While Spain’s national program to test a four‑day week has remained suspended for almost a year, Portugal has both carried out and evaluated its own. The Portuguese pilot ran from June to November 2023 and included 1,000 employees across 41 firms, each adopting different models. Some companies gave Fridays off, others used rotating days off, and some created mirror teams in which part of the workforce took a day off while the rest continued working.

One notable aspect is that predominantly female‑led companies participated in the pilot and stood to gain the most from shorter hours, likely reflecting the higher household and caregiving responsibilities often shouldered by women compared with men. In Portugal, women occupy about 27 percent of top leadership roles, yet 55 percent of participating firms were led by women.

Organizational changes

Unlike the Spanish pilot, which relied on a government grant to offset potential increases in costs from reduced hours, the Portuguese experiment did not come with financial aid. Participation was voluntary and involved only public advisory support, with no direct funding. That voluntariness is a potential limitation when considering how widely findings might generalize to firms skeptical of the model, since selection bias could influence outcomes.

The government’s advice focused on helping companies adapt through organizational changes rather than simply paying for the transition. The study authors report that 75 percent of participating firms implemented at least one organizational adjustment, with reducing meeting lengths being the most common change. Other adjustments included adopting management software, automating processes, and improving communication channels.

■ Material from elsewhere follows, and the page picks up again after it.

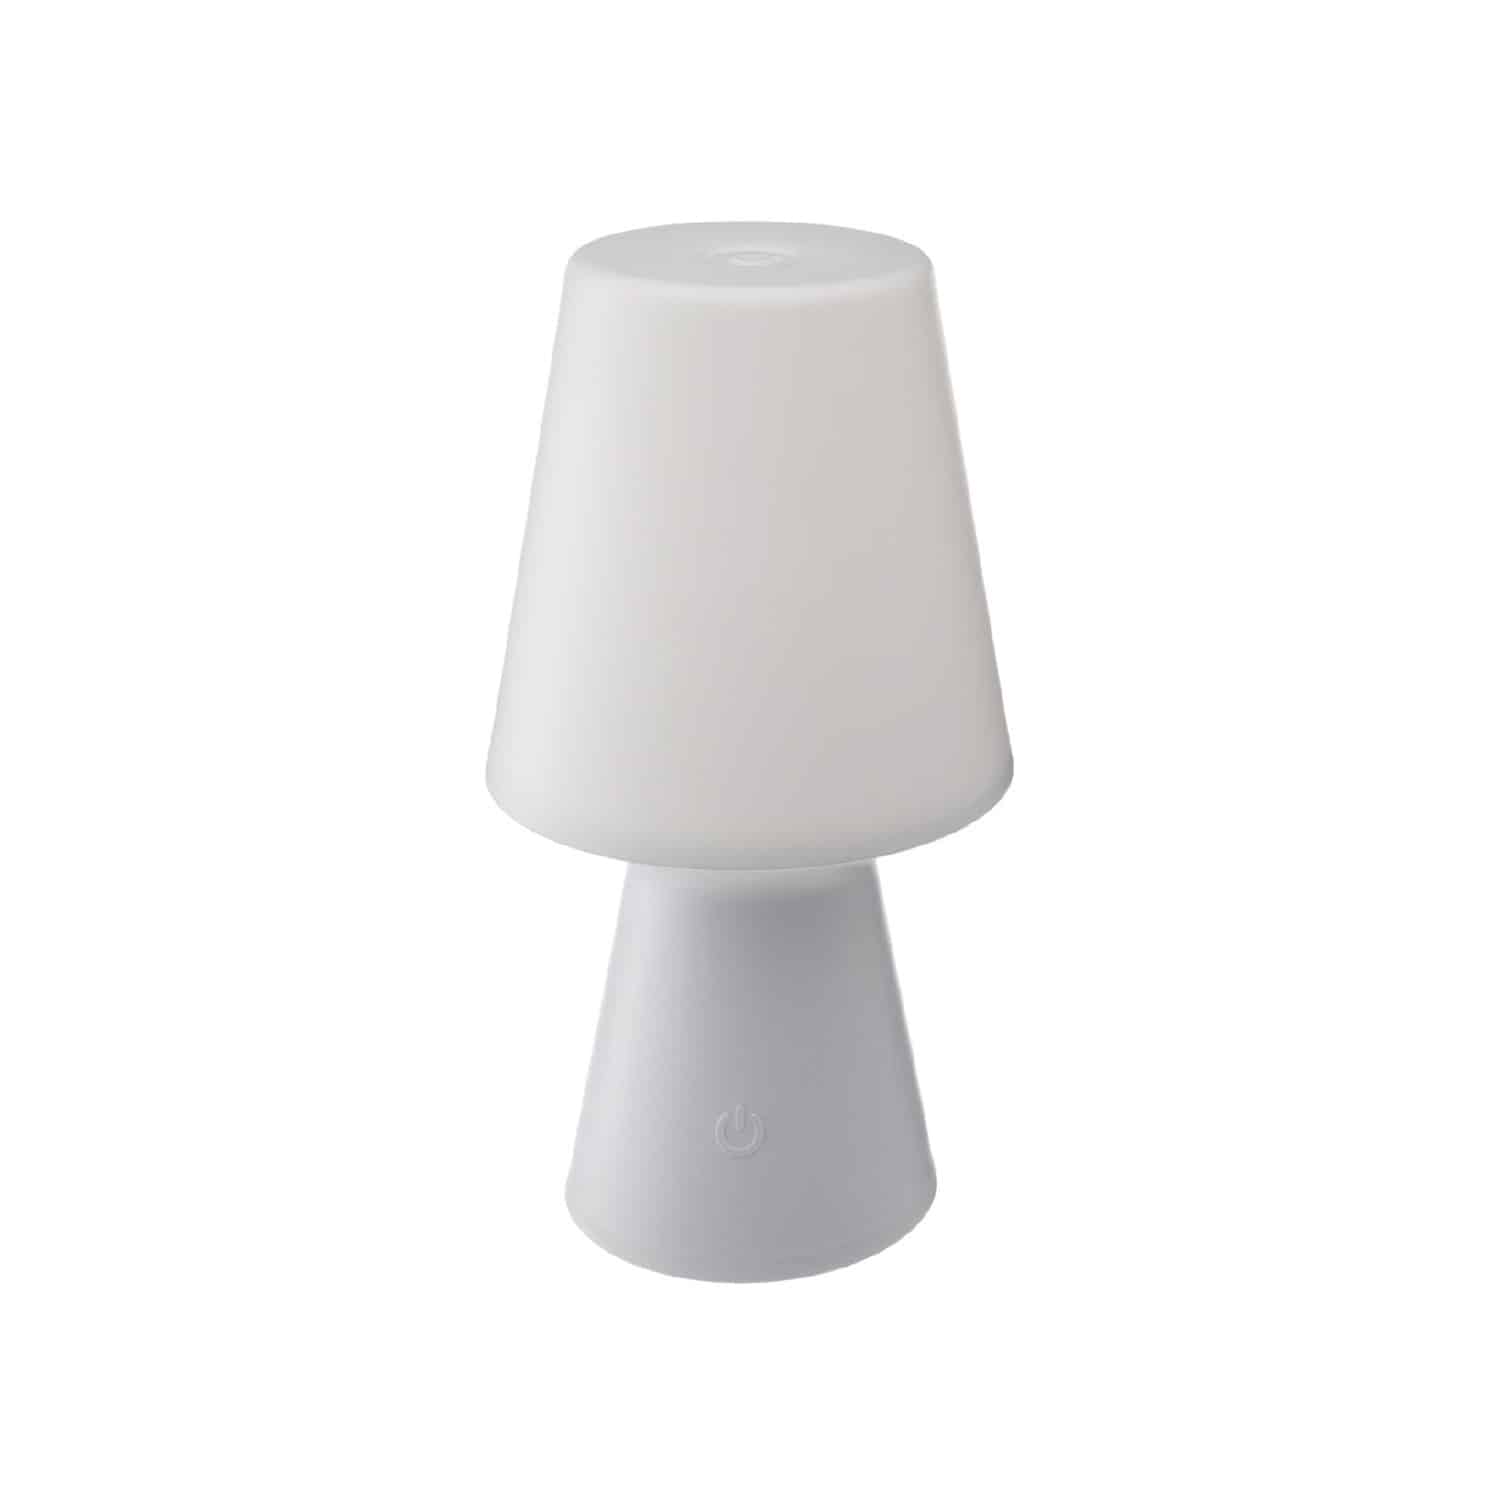 Lampe 3 Lux LED blanches BERNER

Regarding workload volume, employees reported minimal changes in overall pace, though a minority noted faster work rhythms to accomplish the same output in less time. About a quarter of participants indicated needing to increase speed to manage the workload within the shorter week.

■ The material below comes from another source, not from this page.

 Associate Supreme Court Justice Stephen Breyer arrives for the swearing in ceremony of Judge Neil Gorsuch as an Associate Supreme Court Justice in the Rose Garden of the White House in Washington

Higher employee happiness and stronger retention

Against a backdrop of talent shortages and stiff competition for skilled professionals, the authors propose shorter weeks as a viable strategy to retain staff. The balance across the 41 firms showed that most workers would consider accepting a five‑day job only with a roughly 20 percent salary premium, a sign of the tight labor market the pilots faced at the time. The pilots’ managers viewed this as a meaningful advantage given the hiring challenges and talent gaps observed during the period.

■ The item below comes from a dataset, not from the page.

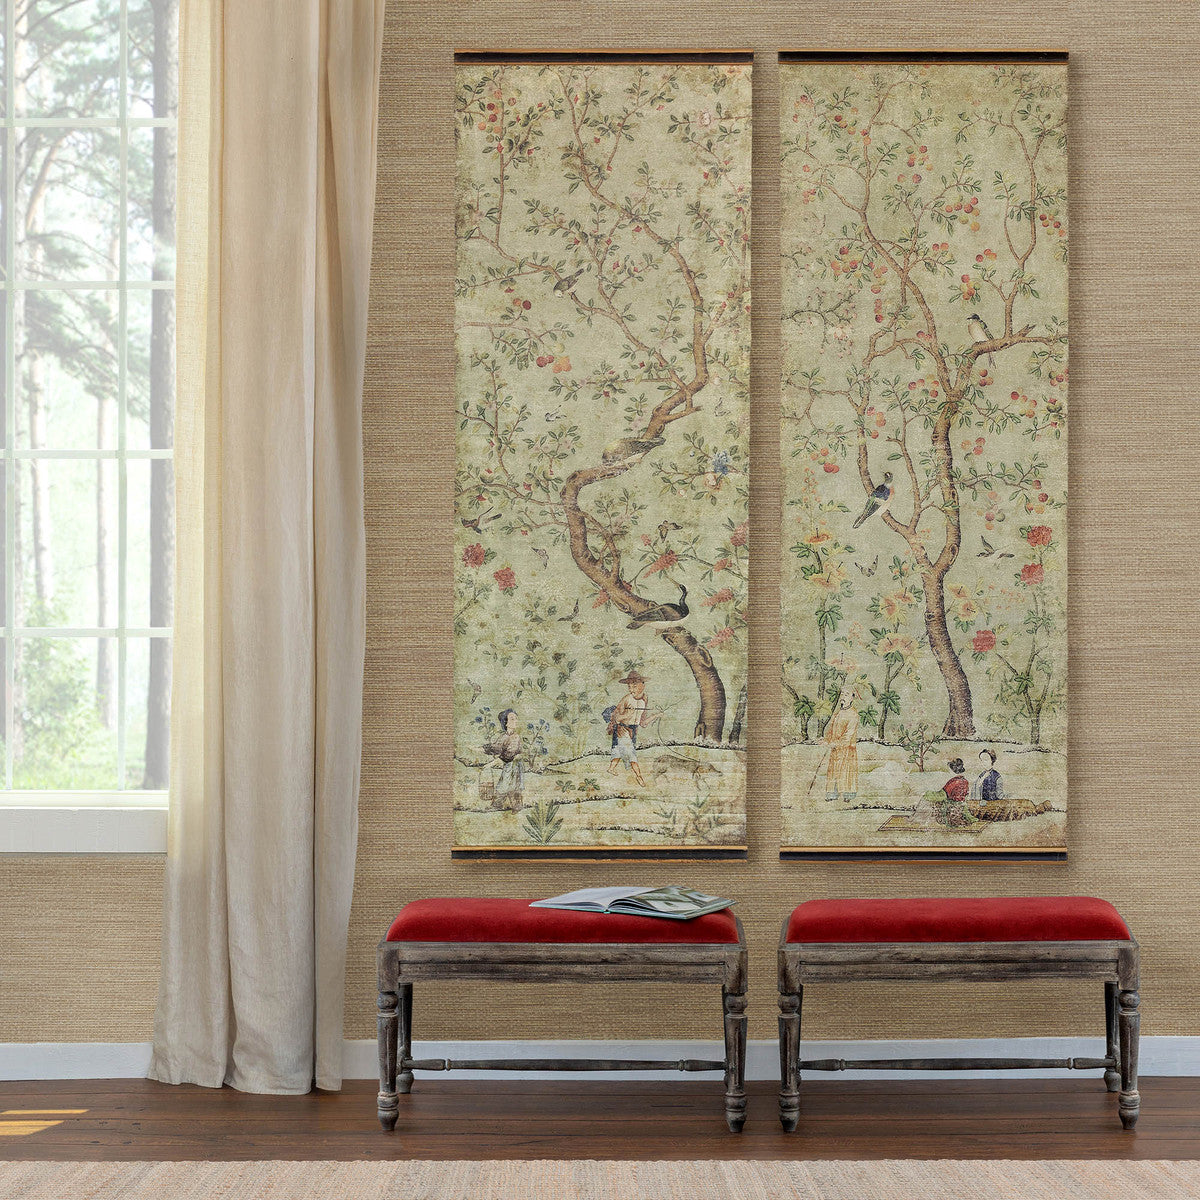 Chinoiserie Pattern Wall Hanging Pair

Shorter weeks appear to tip the scales toward better work‑life harmony. Among participants, 46 percent reported difficulties balancing work and family life before the test, while six months later that figure had dropped to 17 percent. The study also noted mental and physical health gains, including an average of about 11 extra minutes of sleep per night and reductions in burnout symptoms. Notably, eight out of ten firms that took part have continued with some form of reduced hours after the pilot ended.

In summary, the Portuguese approach demonstrates that a four‑day workweek can be adopted successfully across a range of industries without universal cost increases and with meaningful improvements in well‑being and retention. This aligns with broader international findings suggesting that shorter workweeks can support healthier work cultures without sacrificing productivity. Attribution: outcomes reported by participating companies and researchers involved in the Portuguese pilot conducted during 2023.